The first thing to know is that not everyone would be affected by a trade war in the same way. Domestic steel producers in the U.S may be able to charge higher prices than in the past – but other companies could struggle to stay competitive in the global market.
This could affect businesses in the countries directly affected by tariffs, but also those further afield. If you’re a U.S. farmer, for example, you could see a major impact if China goes ahead with proposed tariffs on soybean imports. Or if you’re a German carmaker headquartered in the U.S., your exports could become less profitable if relevant tariffs are adopted.
The complexities of global supply chains mean that companies will be affected in different ways, depending on their industry sectors and business models. So you might use machines imported from China to manufacture products which are then exported to China – in which case you could see both higher costs and a negative impact to your competitive position as a result of higher tariffs.
If you’re a large buyer, it’s crucial to monitor these developments and weigh up the possible impact on your supply chain.

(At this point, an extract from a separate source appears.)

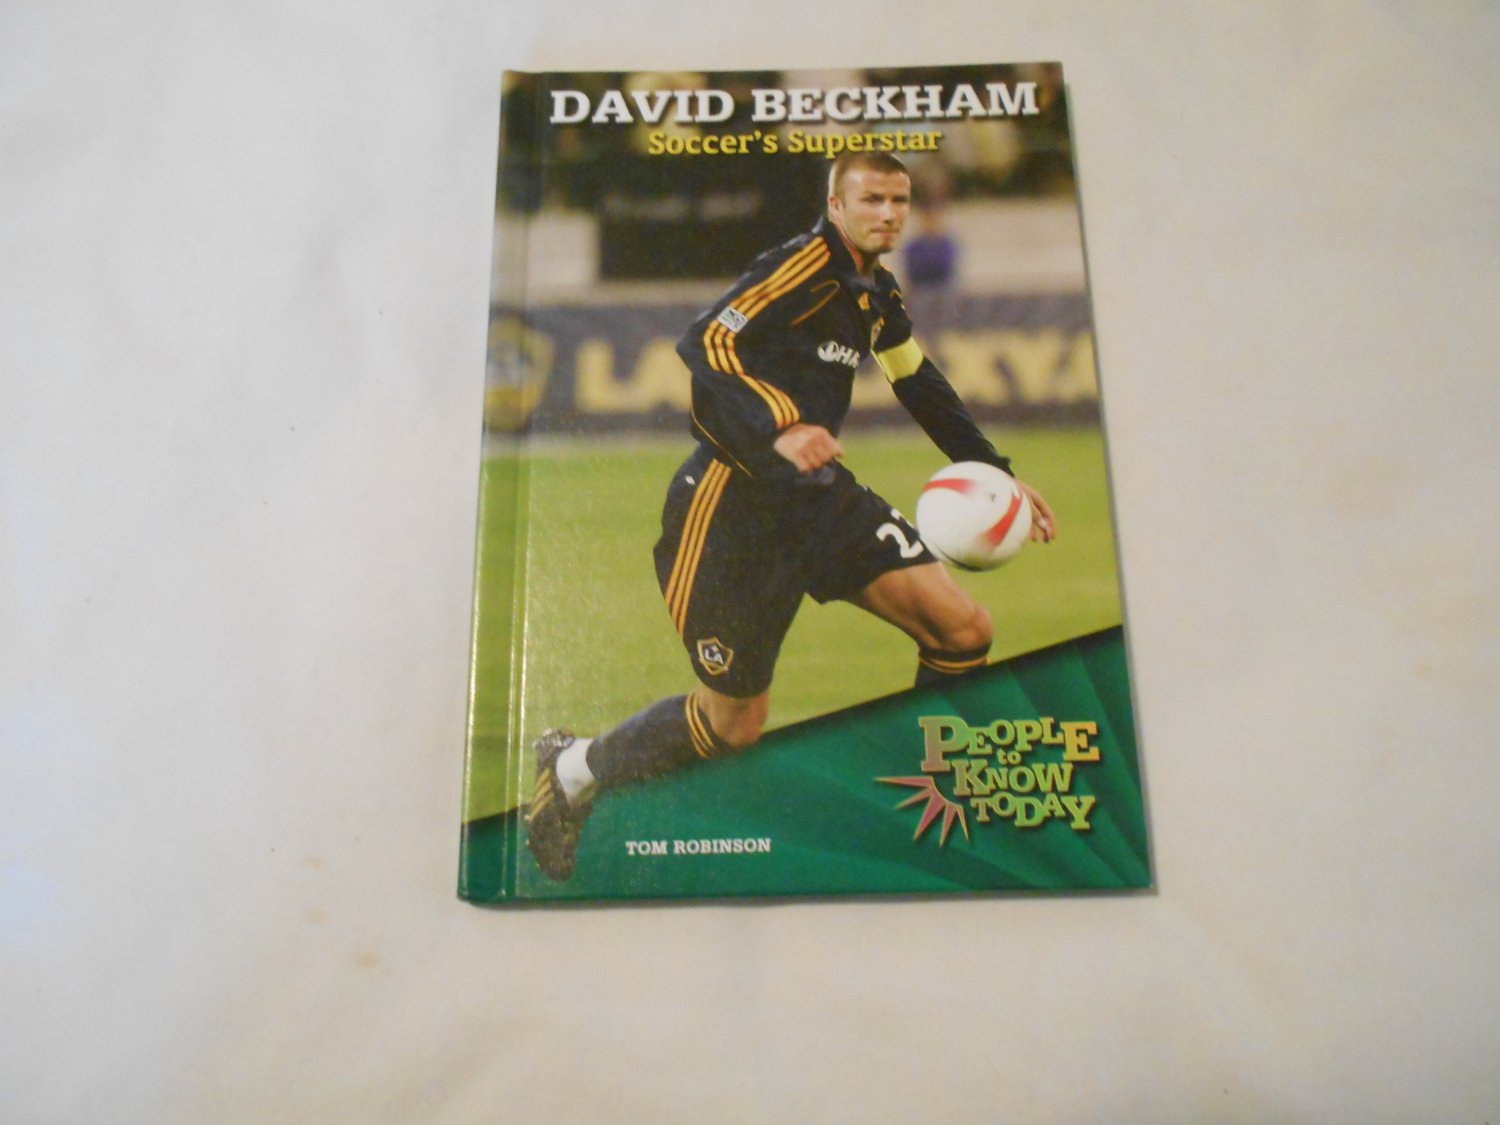 David Beckham: Soccer's Superstar by Tom Robinson (2008) (130) People to Know Today

In uncertain times, suppliers tend to need more liquidity as they struggle to achieve certainty and confidence in their business forecasts. And any disruption experienced by suppliers could have a knock-on effect for their customers. If a key supplier fails and crucial components suddenly become unavailable, it may be difficult – or even impossible – to switch suppliers at short notice.
So what can you do to protect your supply chain in the current market? First of all, it’s important to understand how your suppliers could be affected by future trade tariffs, either directly or indirectly. You can then consider what measures you can take to address any potential risks. Supplier finance solutions, for example, enable you to improve your supply chain’s financial health. Large buyers usually have better access to capital and cash reserves, whereas suppliers tend to face higher funding costs. Supplier financing solutions take advantage of this mismatch by allowing your suppliers to get early payment for their invoices in return for a small discount.
The price of funding in this type of solution is often less than for other sources of capital, so suppliers can access funds at a price and on a timescale that suits them. This means your suppliers can plan ahead with confidence, despite the uncertainty brought by the prospect of a global trade war. Meanwhile, you can rest assured that your supply chain is protected from cash flow related disruptions.
Tariffs and beyond
In fact, we’ve found that many companies now adopting supplier financing are doing so because of uncertainties in the current market. In the past, companies have usually adopted this type of program to optimize their own working capital position, or reduce the cost of goods purchased. But in the last few months we’ve seen a clear shift, with more companies choosing to adopt supplier finance specifically because they are worried about threats to their supply chains.